(DATA BELOW)

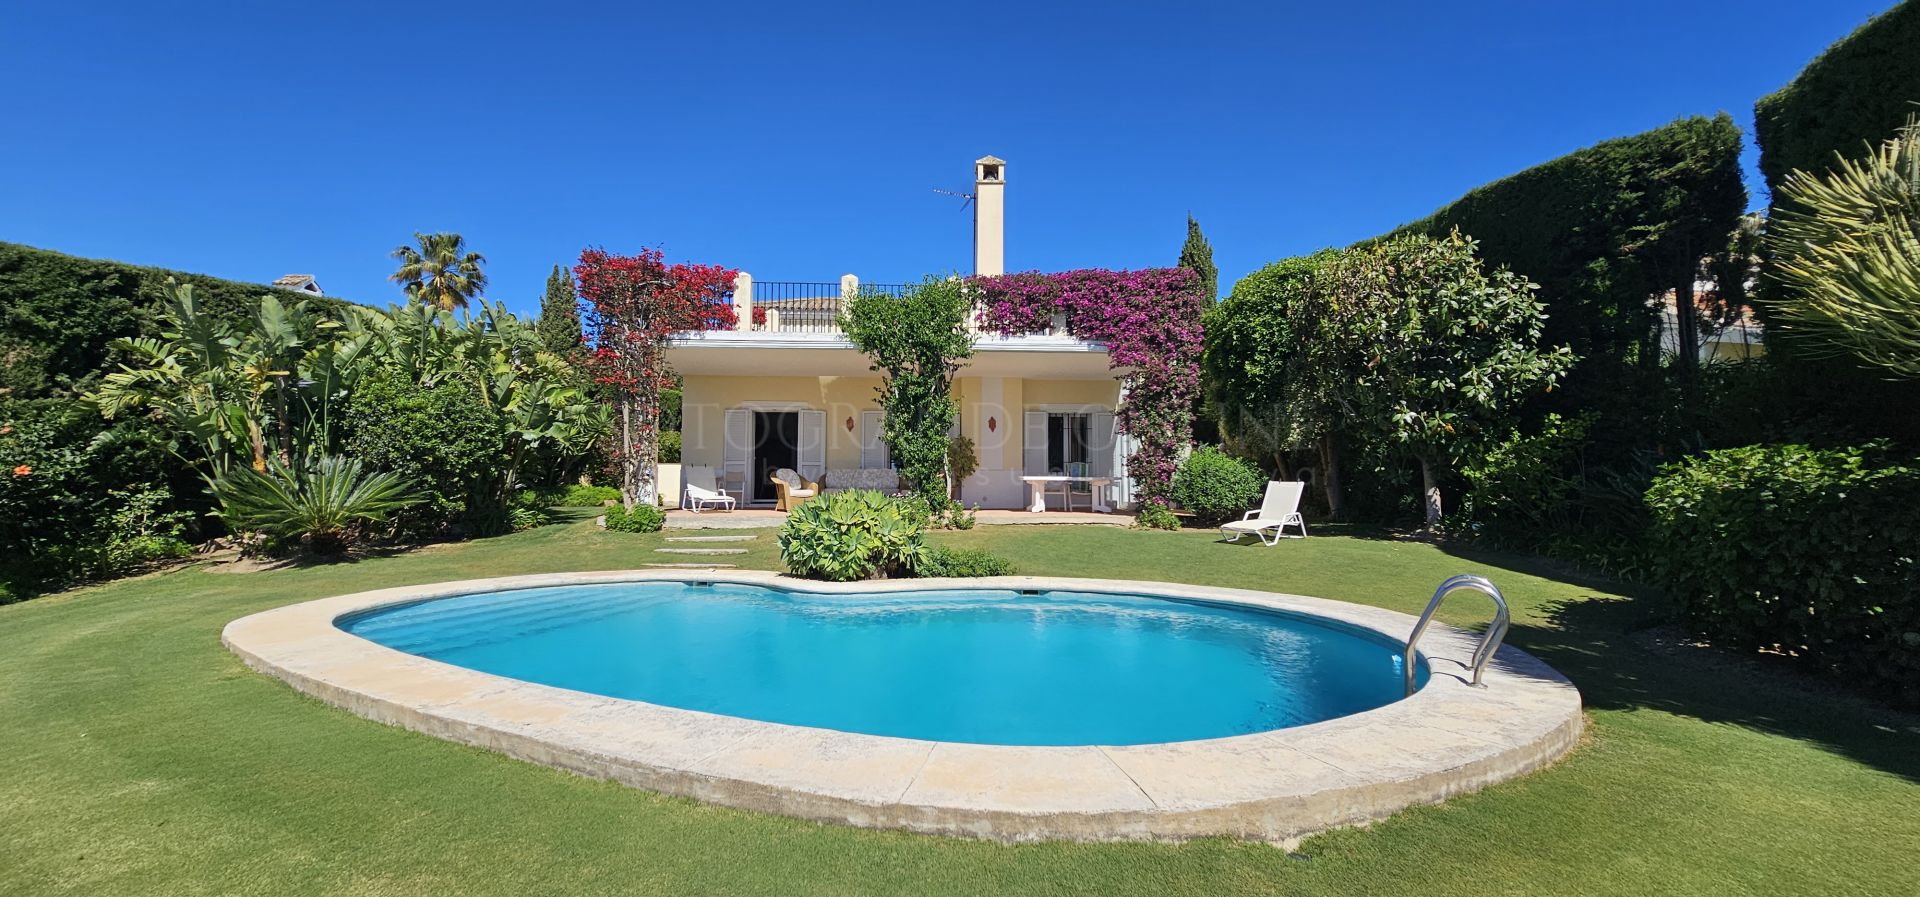 Beautiful Villa in the upper area of Sotogrande with wonderful views.
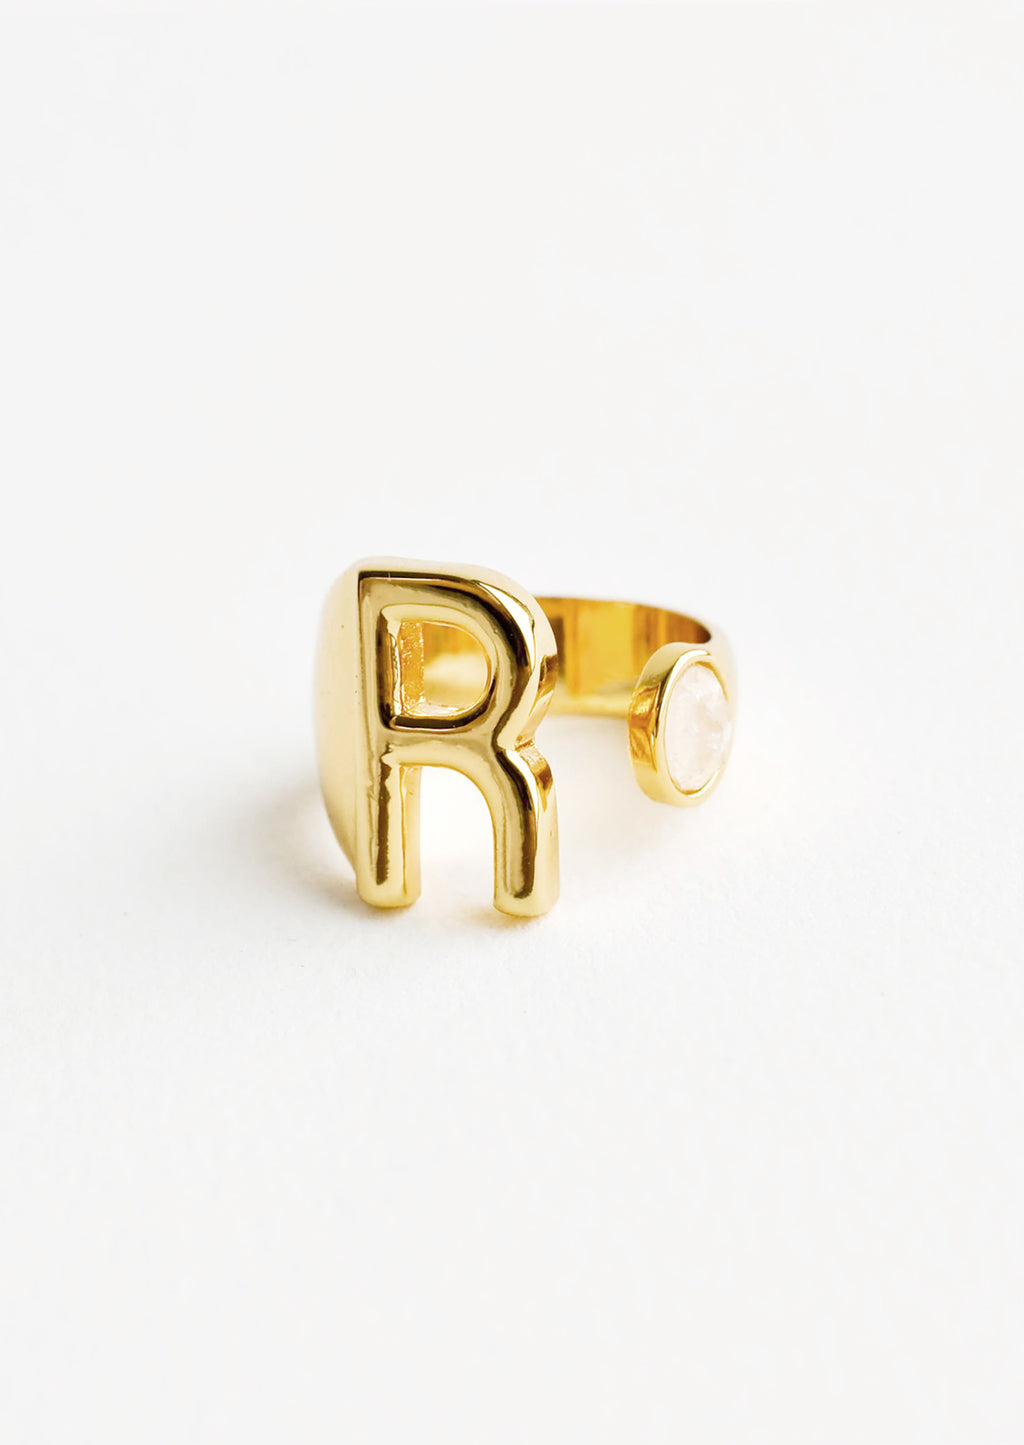 R: Yellow gold ring with letter R and oval glass crystal, and wide adjustable band.
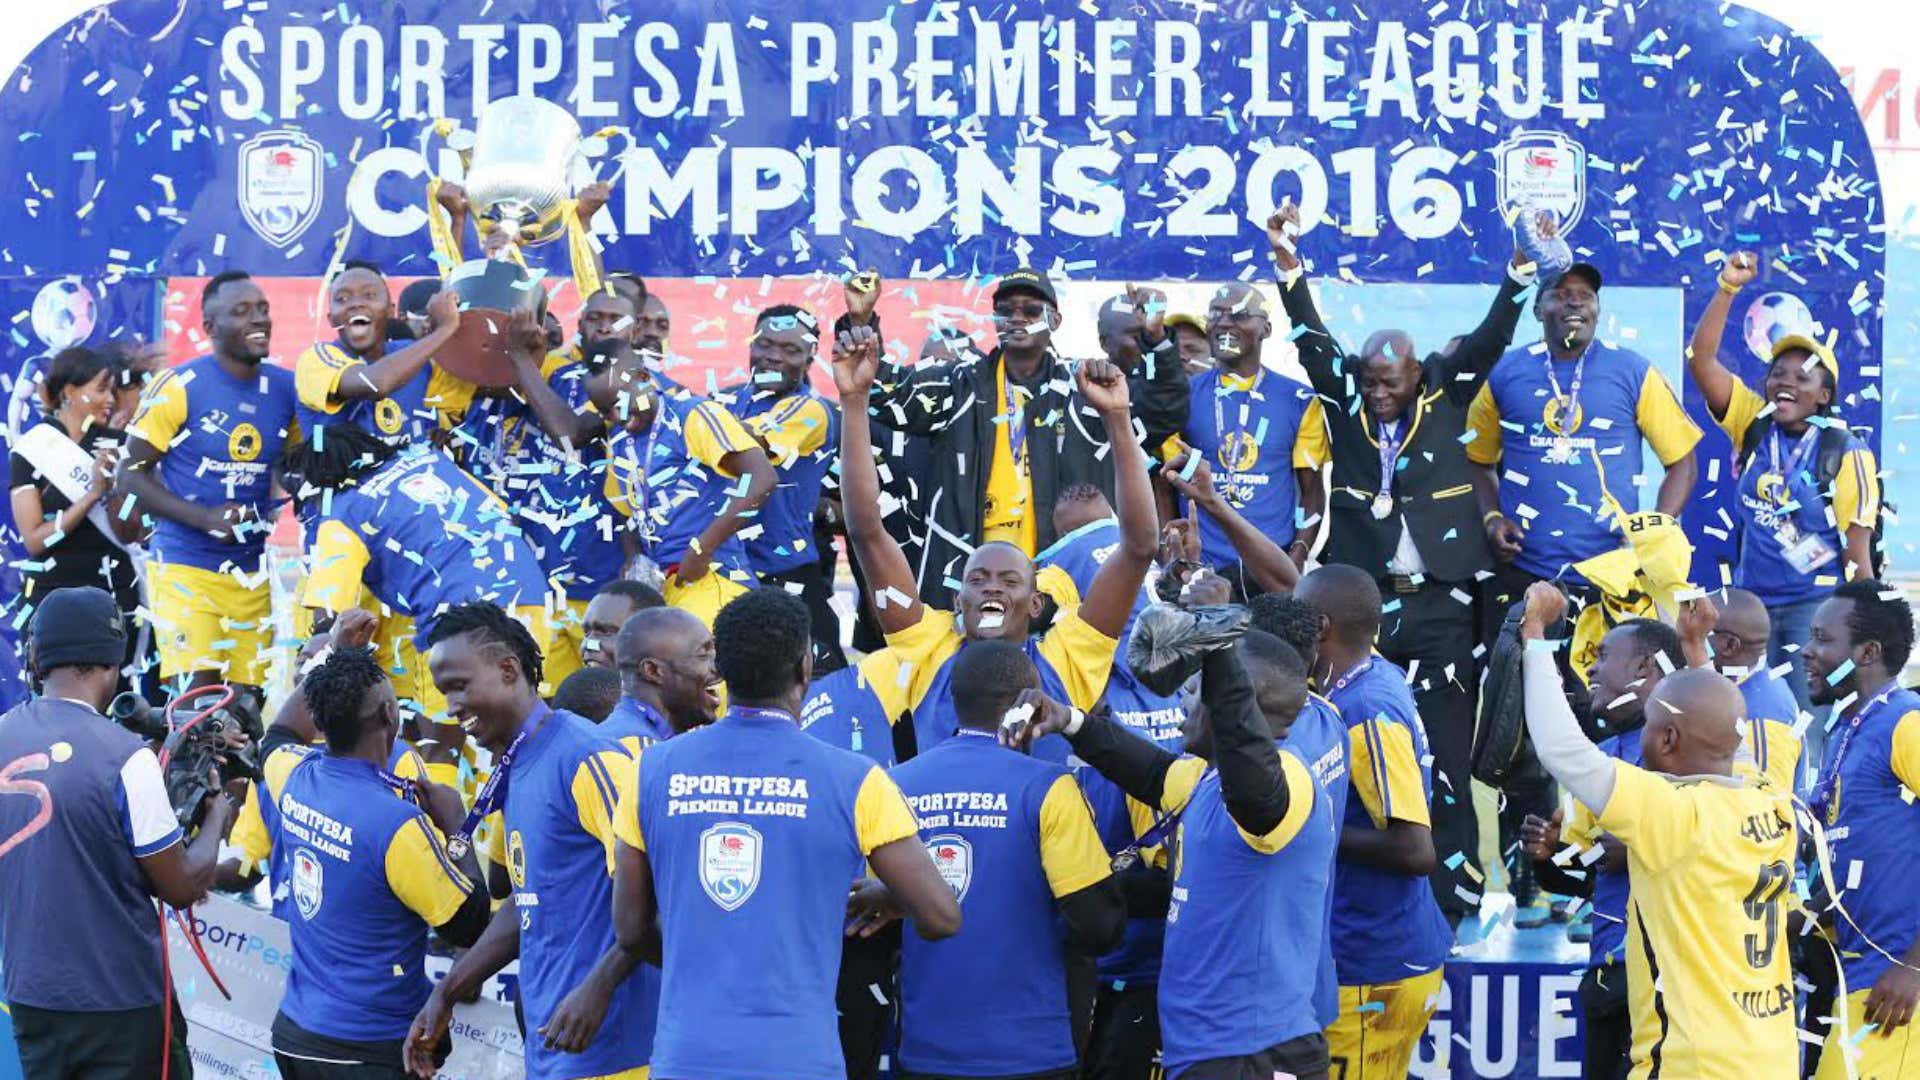 It has been a challenging season in Kenyan Premier League with Tusker being crowned champions after beating Gor Mahia to the tape. But who were the outstanding keepers?

(DIRECTIONS FOR THIS TASK)
Your task is to output the material word for word while leaving out every image.

(EXERCISE SOLUTION)
 Beautiful Villa in the upper area of Sotogrande with wonderful views.
 R: Yellow gold ring with letter R and oval glass crystal, and wide adjustable band.
 It has been a challenging season in Kenyan Premier League with Tusker being crowned champions after beating Gor Mahia to the tape. But who were the outstanding keepers?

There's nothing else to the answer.